Exact copies of all the lines below are required, with the pictures omitted.

DATA FOR ANALYSIS below:

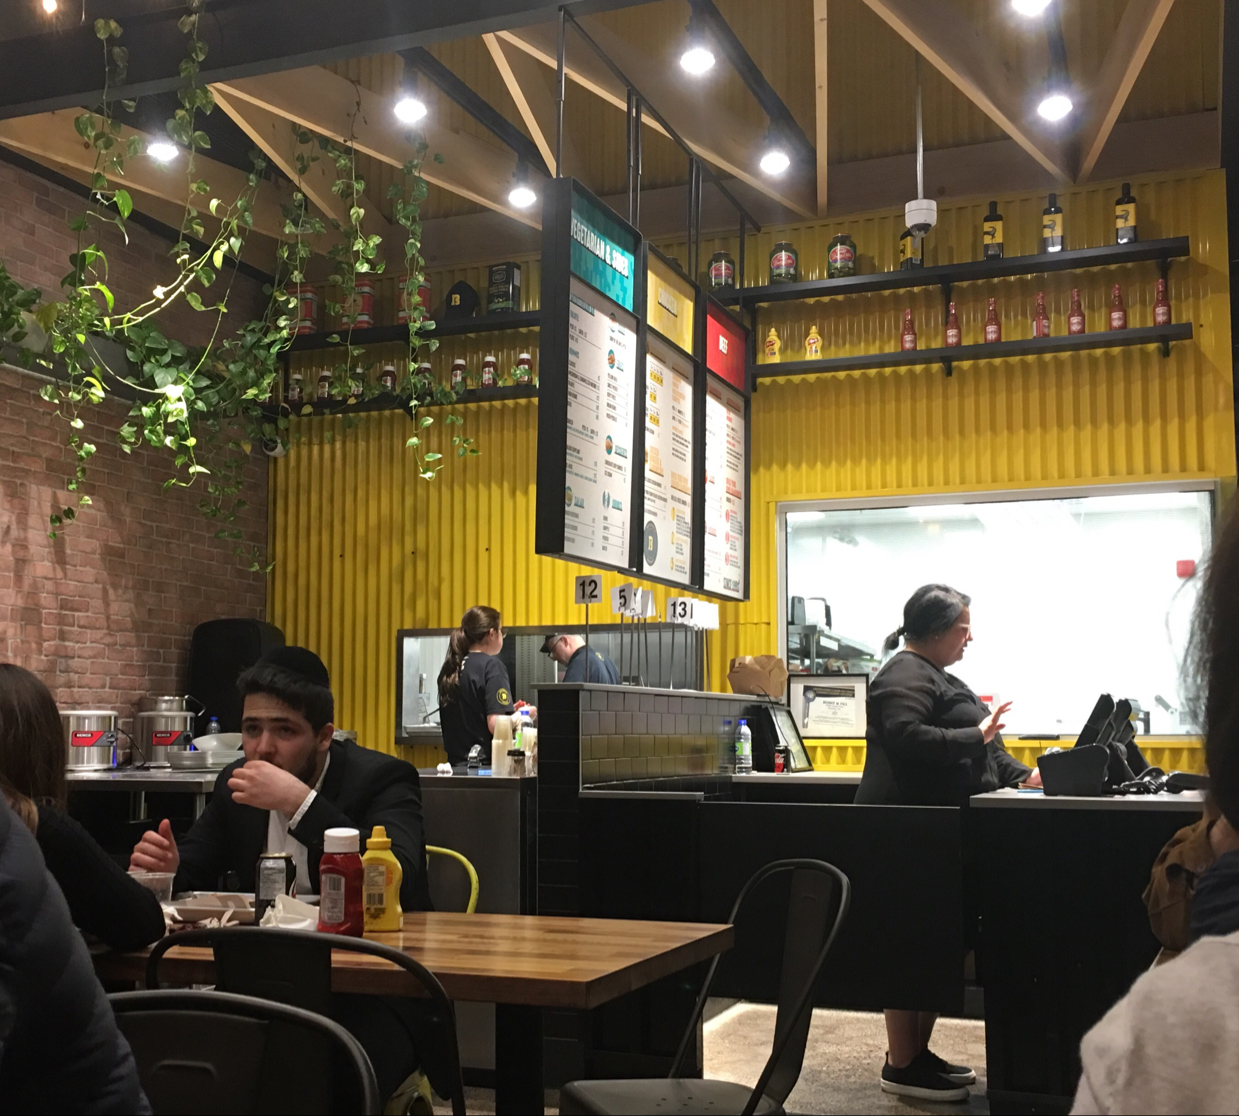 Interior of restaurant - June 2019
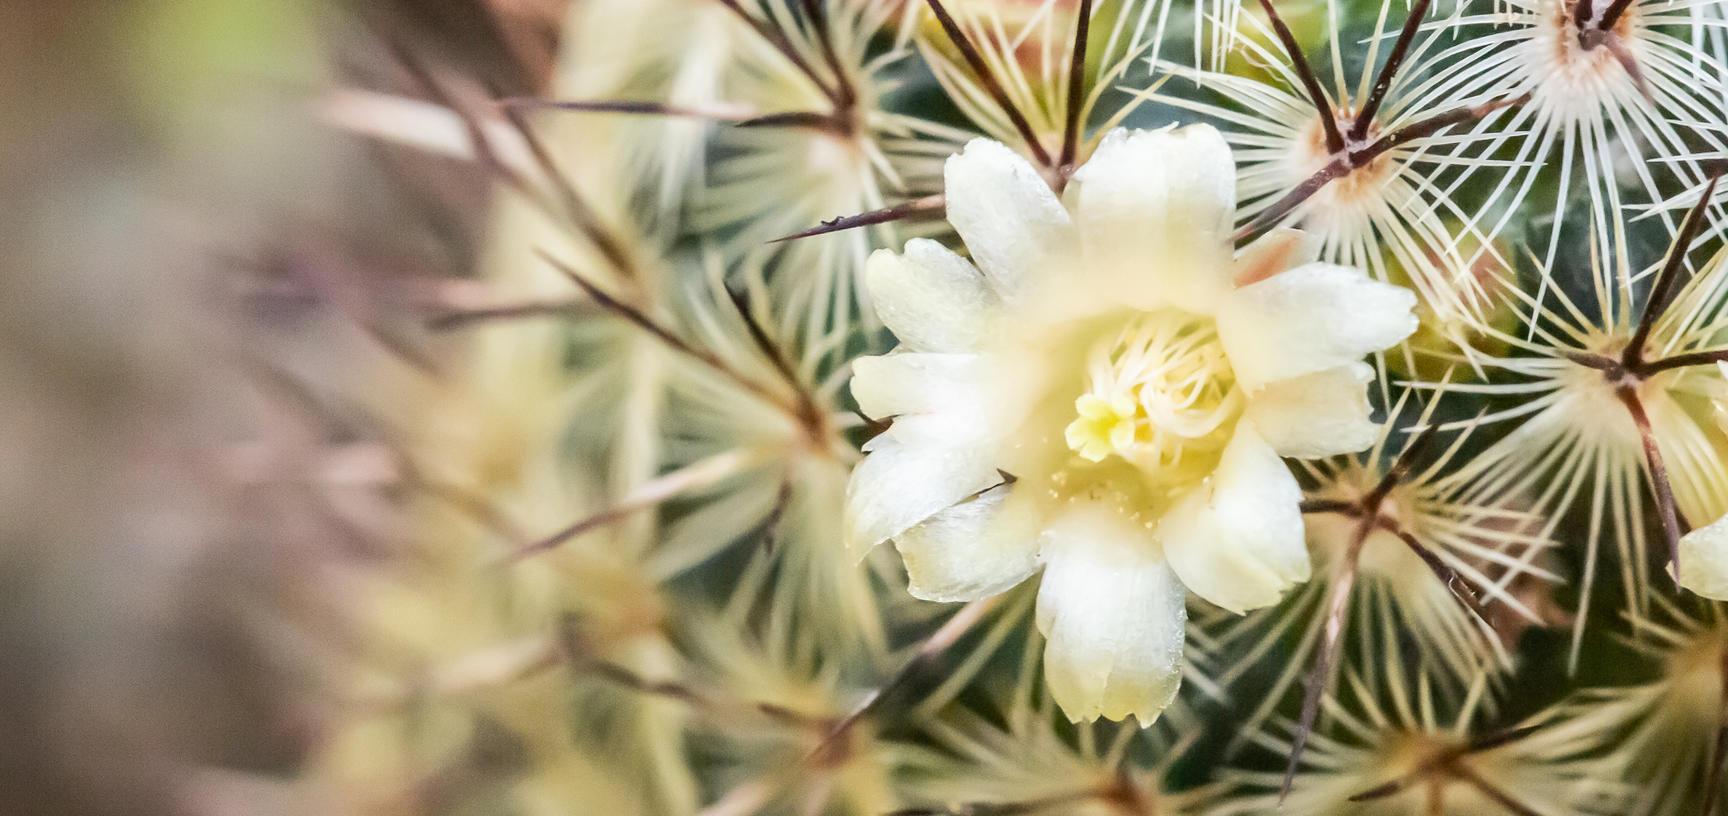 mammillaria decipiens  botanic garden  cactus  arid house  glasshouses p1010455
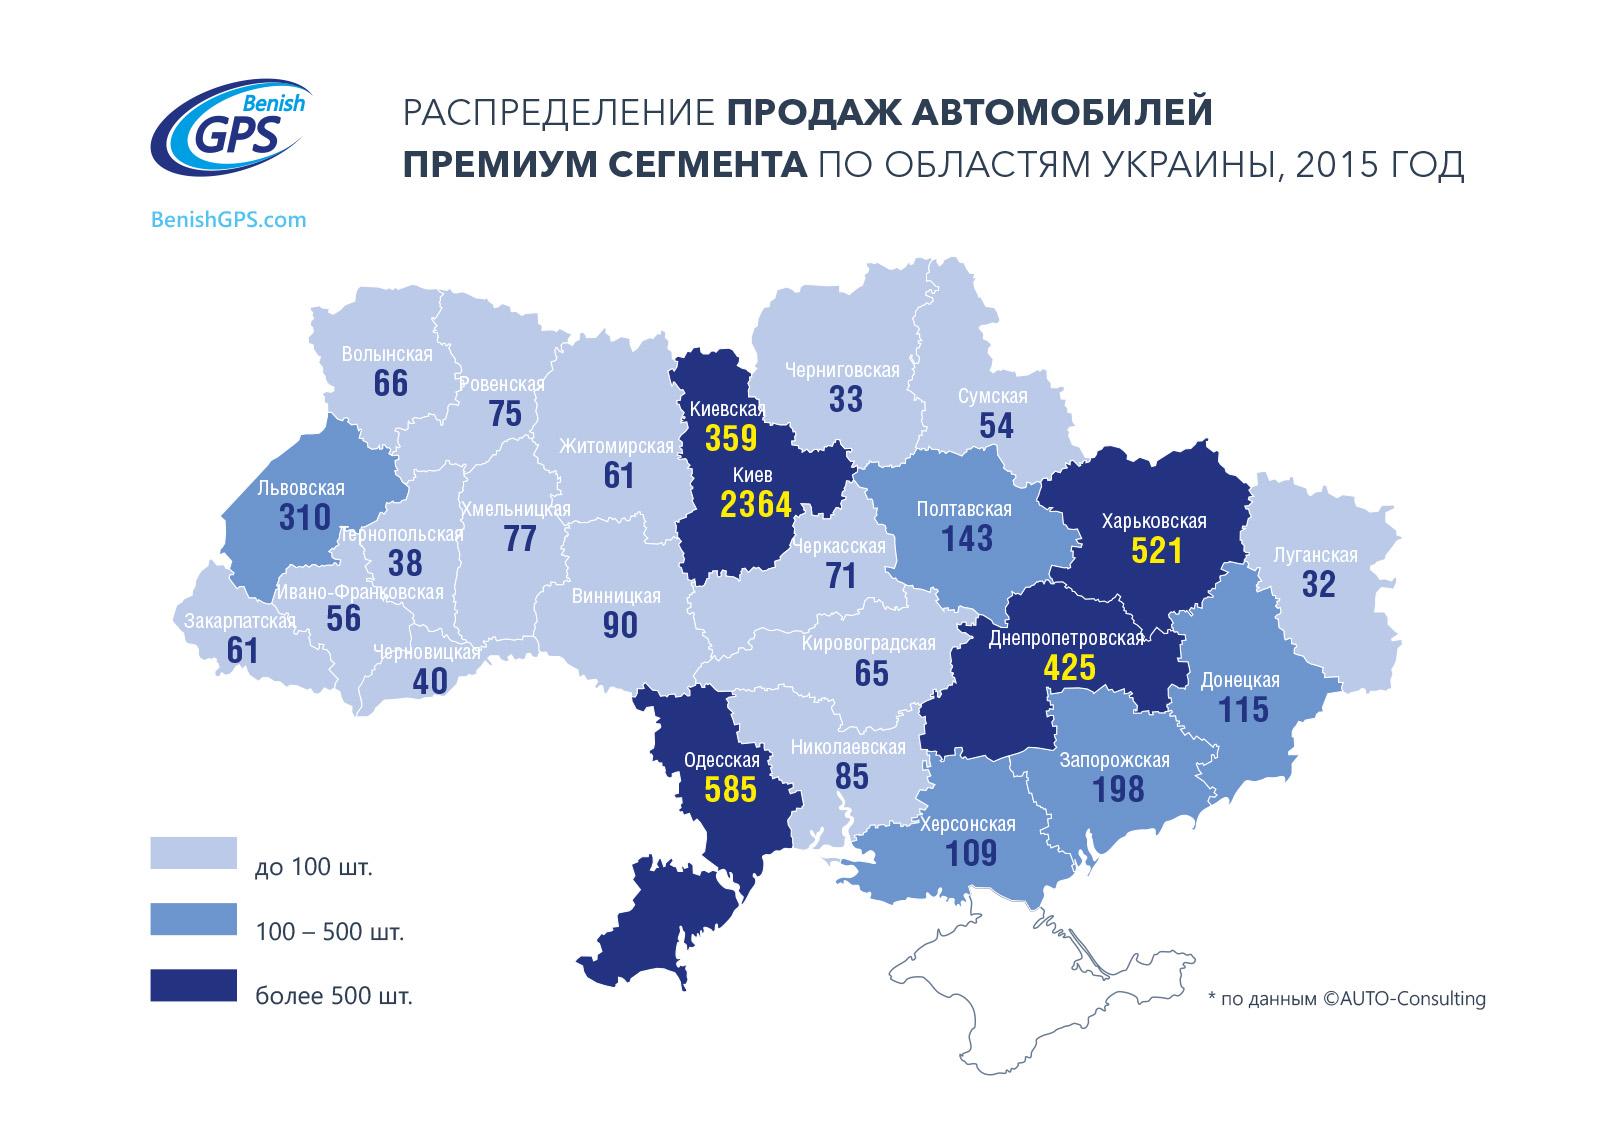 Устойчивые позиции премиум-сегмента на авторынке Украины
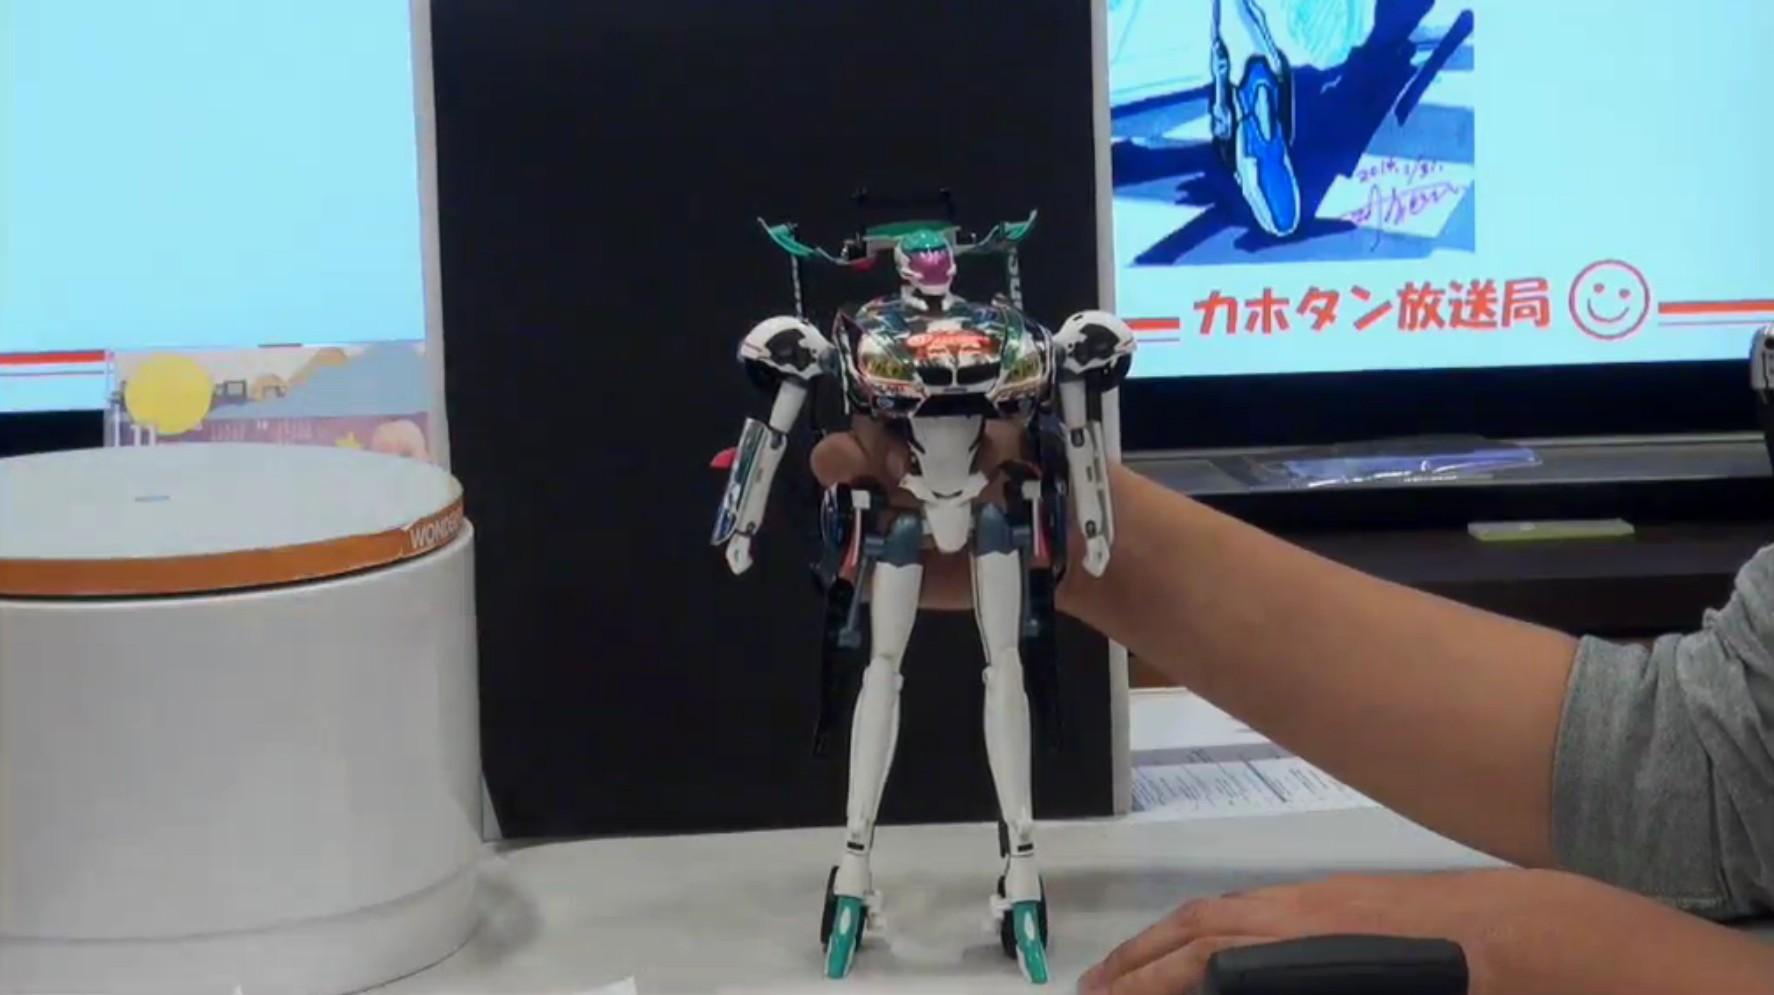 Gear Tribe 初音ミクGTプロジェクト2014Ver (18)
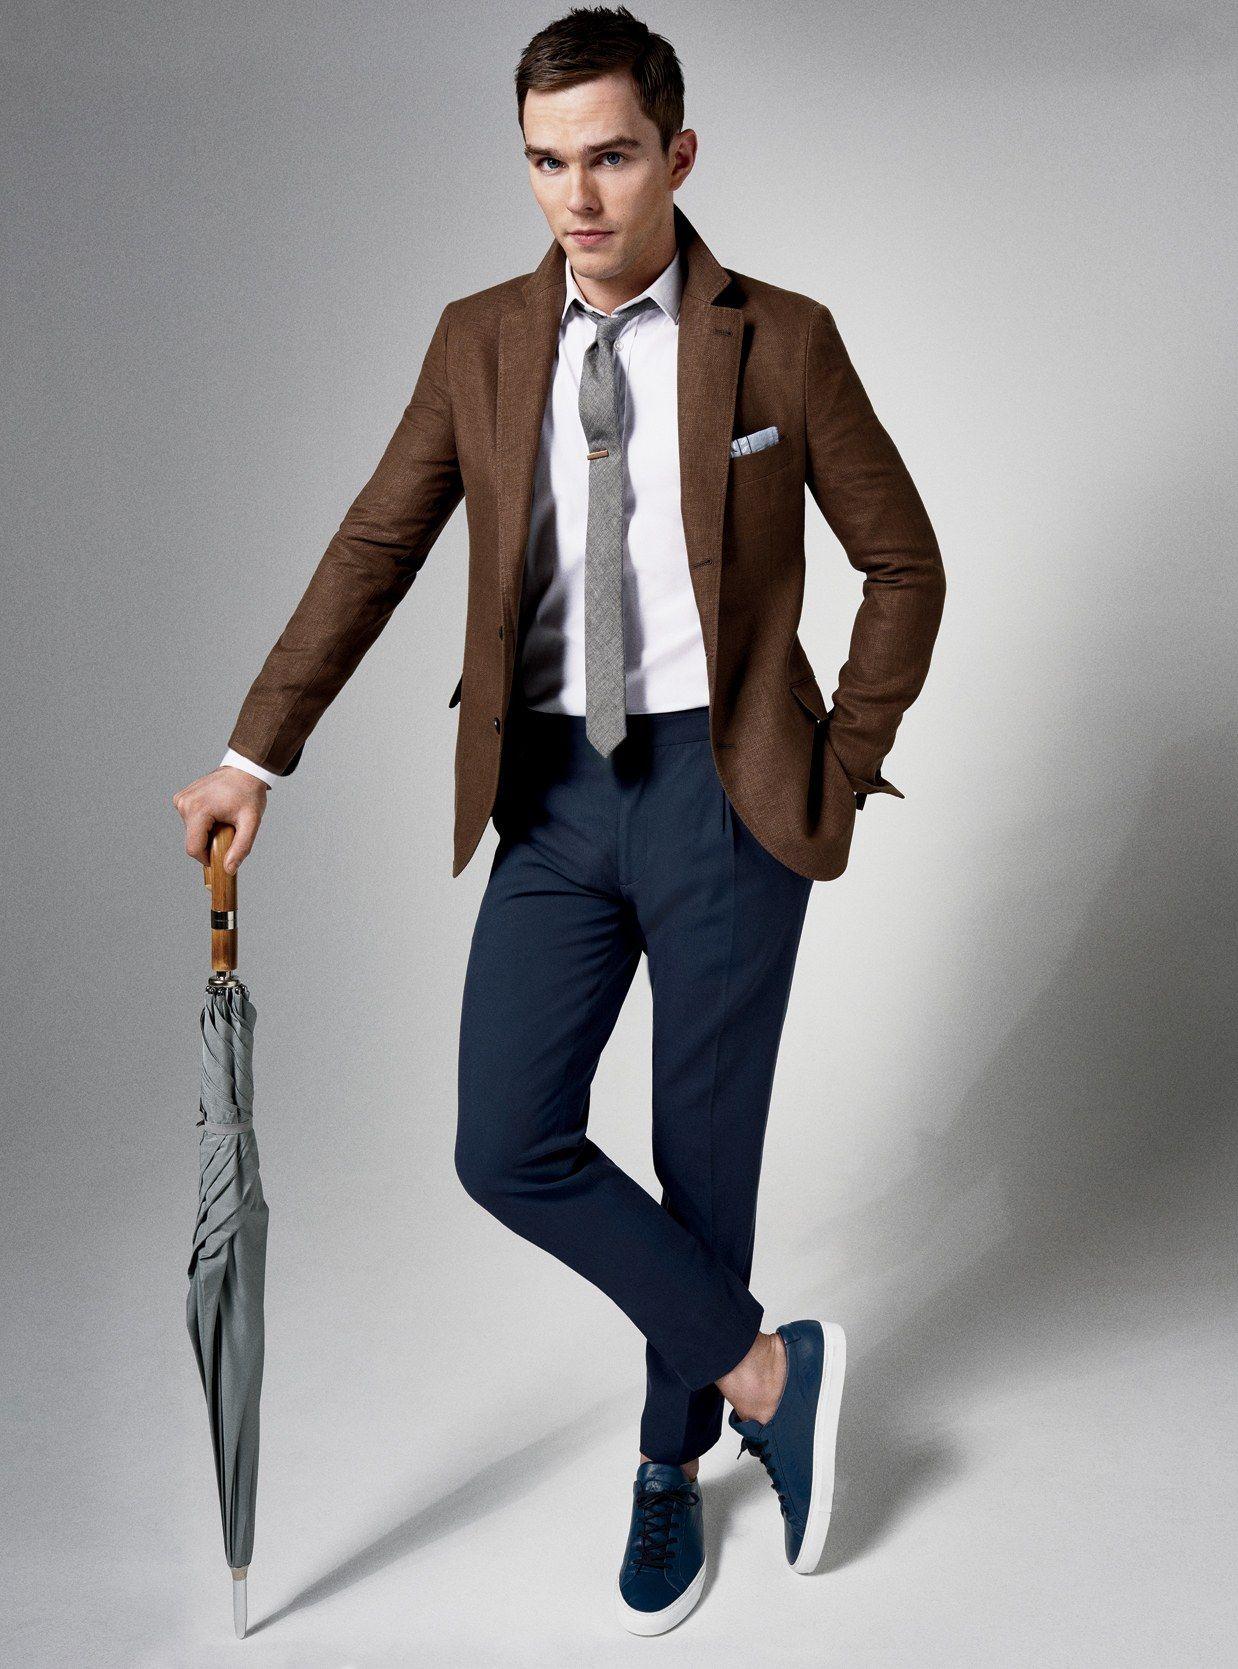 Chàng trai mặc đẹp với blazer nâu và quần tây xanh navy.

End of DATA FOR ANALYSIS.

■ ANSWER SPACE:
 Interior of restaurant - June 2019
 mammillaria decipiens  botanic garden  cactus  arid house  glasshouses p1010455
 Устойчивые позиции премиум-сегмента на авторынке Украины
 Gear Tribe 初音ミクGTプロジェクト2014Ver (18)
 Chàng trai mặc đẹp với blazer nâu và quần tây xanh navy.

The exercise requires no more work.